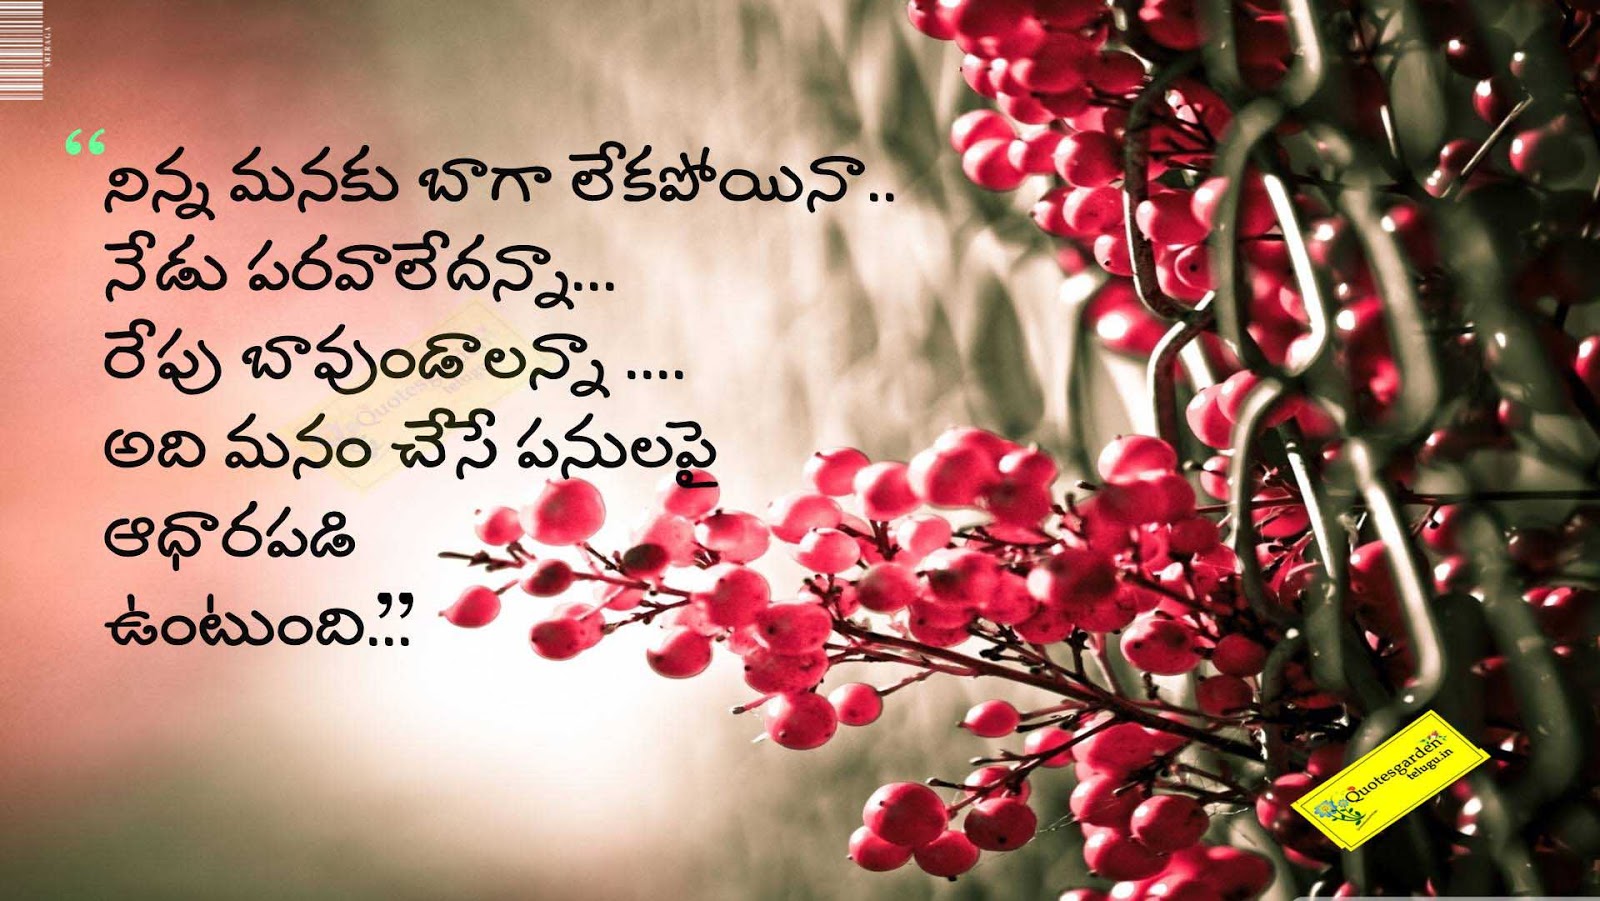 Heart touching Life quotes in telugu | QUOTES GARDEN TELUGU ...
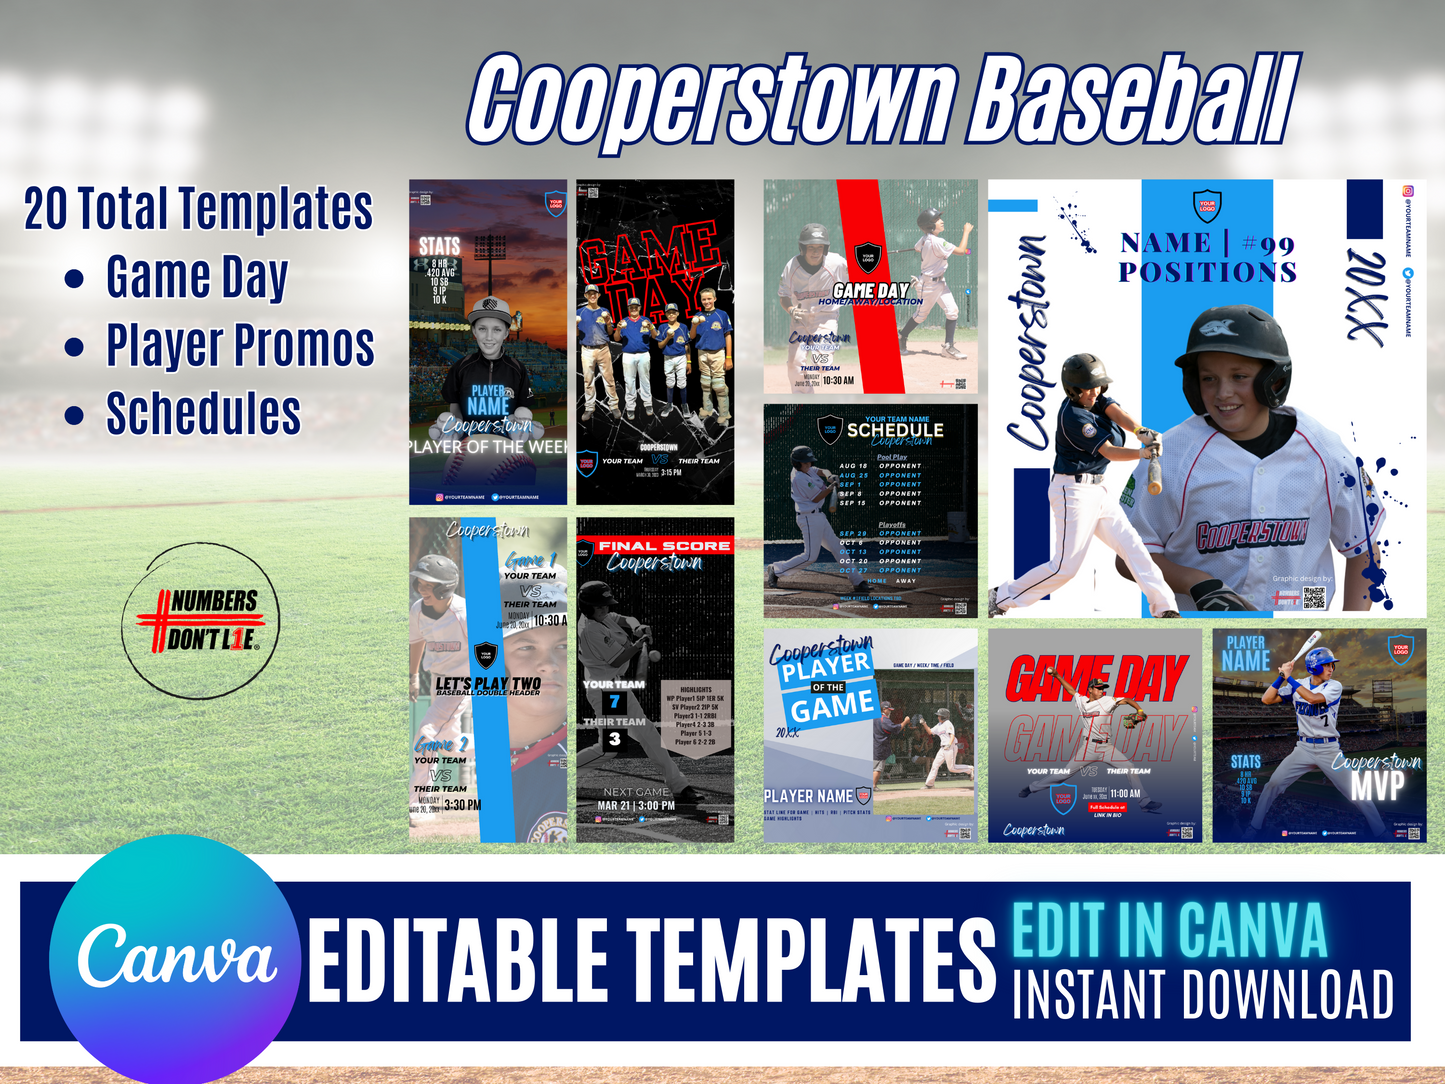 DIY Cooperstown Baseball Canva Templates for Social Media
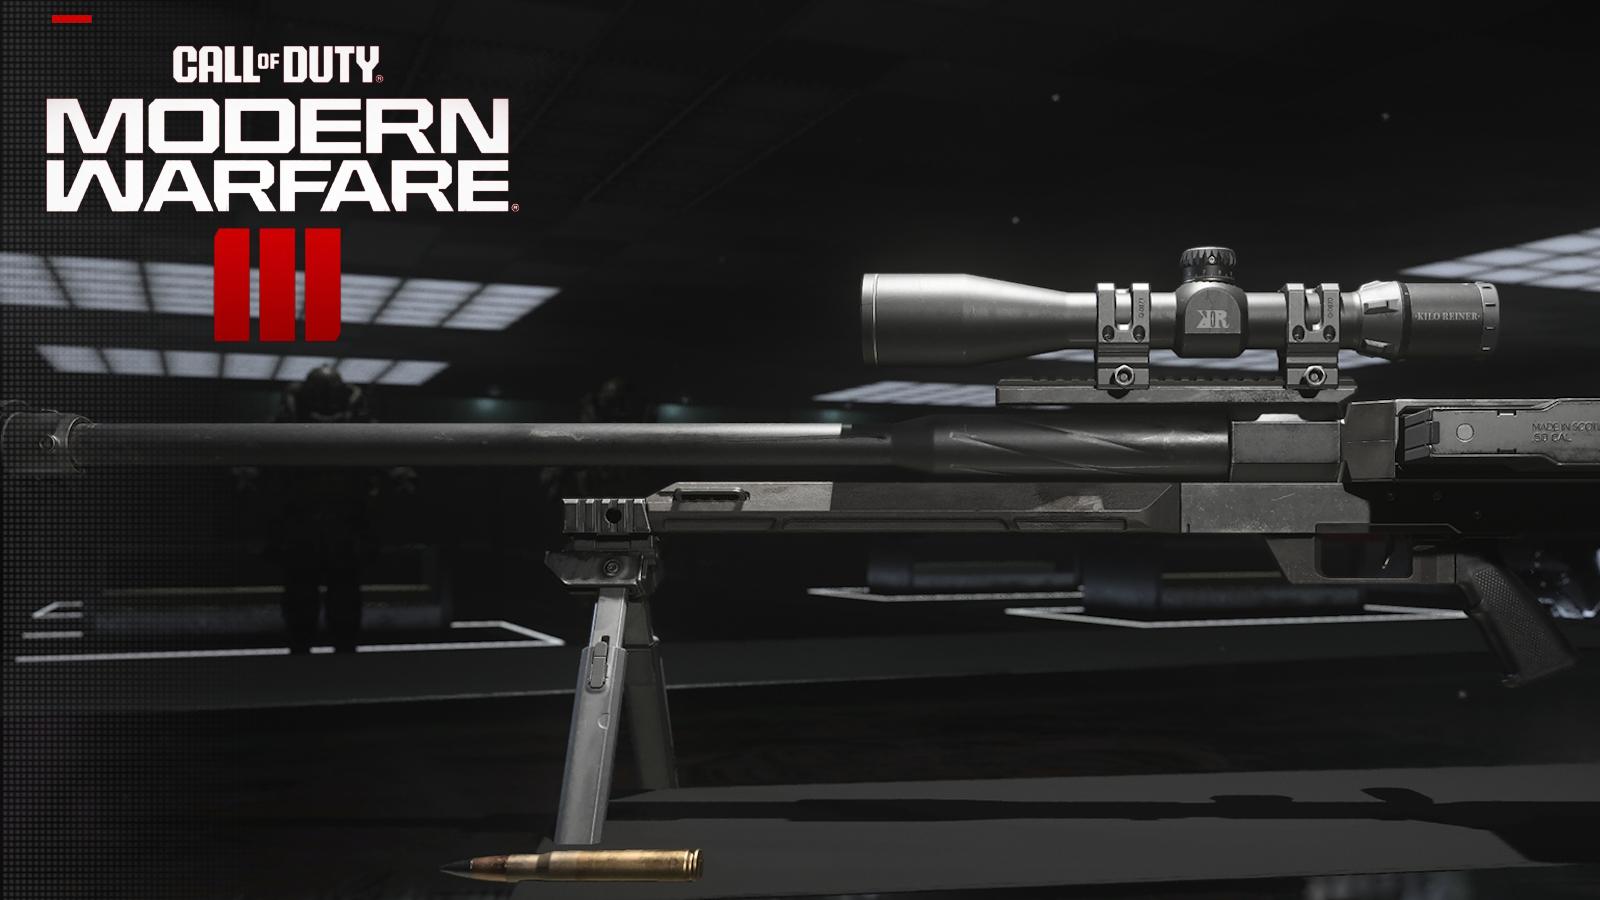 KATT AMR sniper rifle in Modern Warfare 3 with game logo

• **WHAT YOU SHOULD DO**
All that is needed here is the run of lines from the one containing "DIY Cooperstown Baseball" through the end of the material above, reproduced exactly and without pictures.

• **REPLY**
 DIY Cooperstown Baseball Canva Templates for Social Media
 KATT AMR sniper rifle in Modern Warfare 3 with game logo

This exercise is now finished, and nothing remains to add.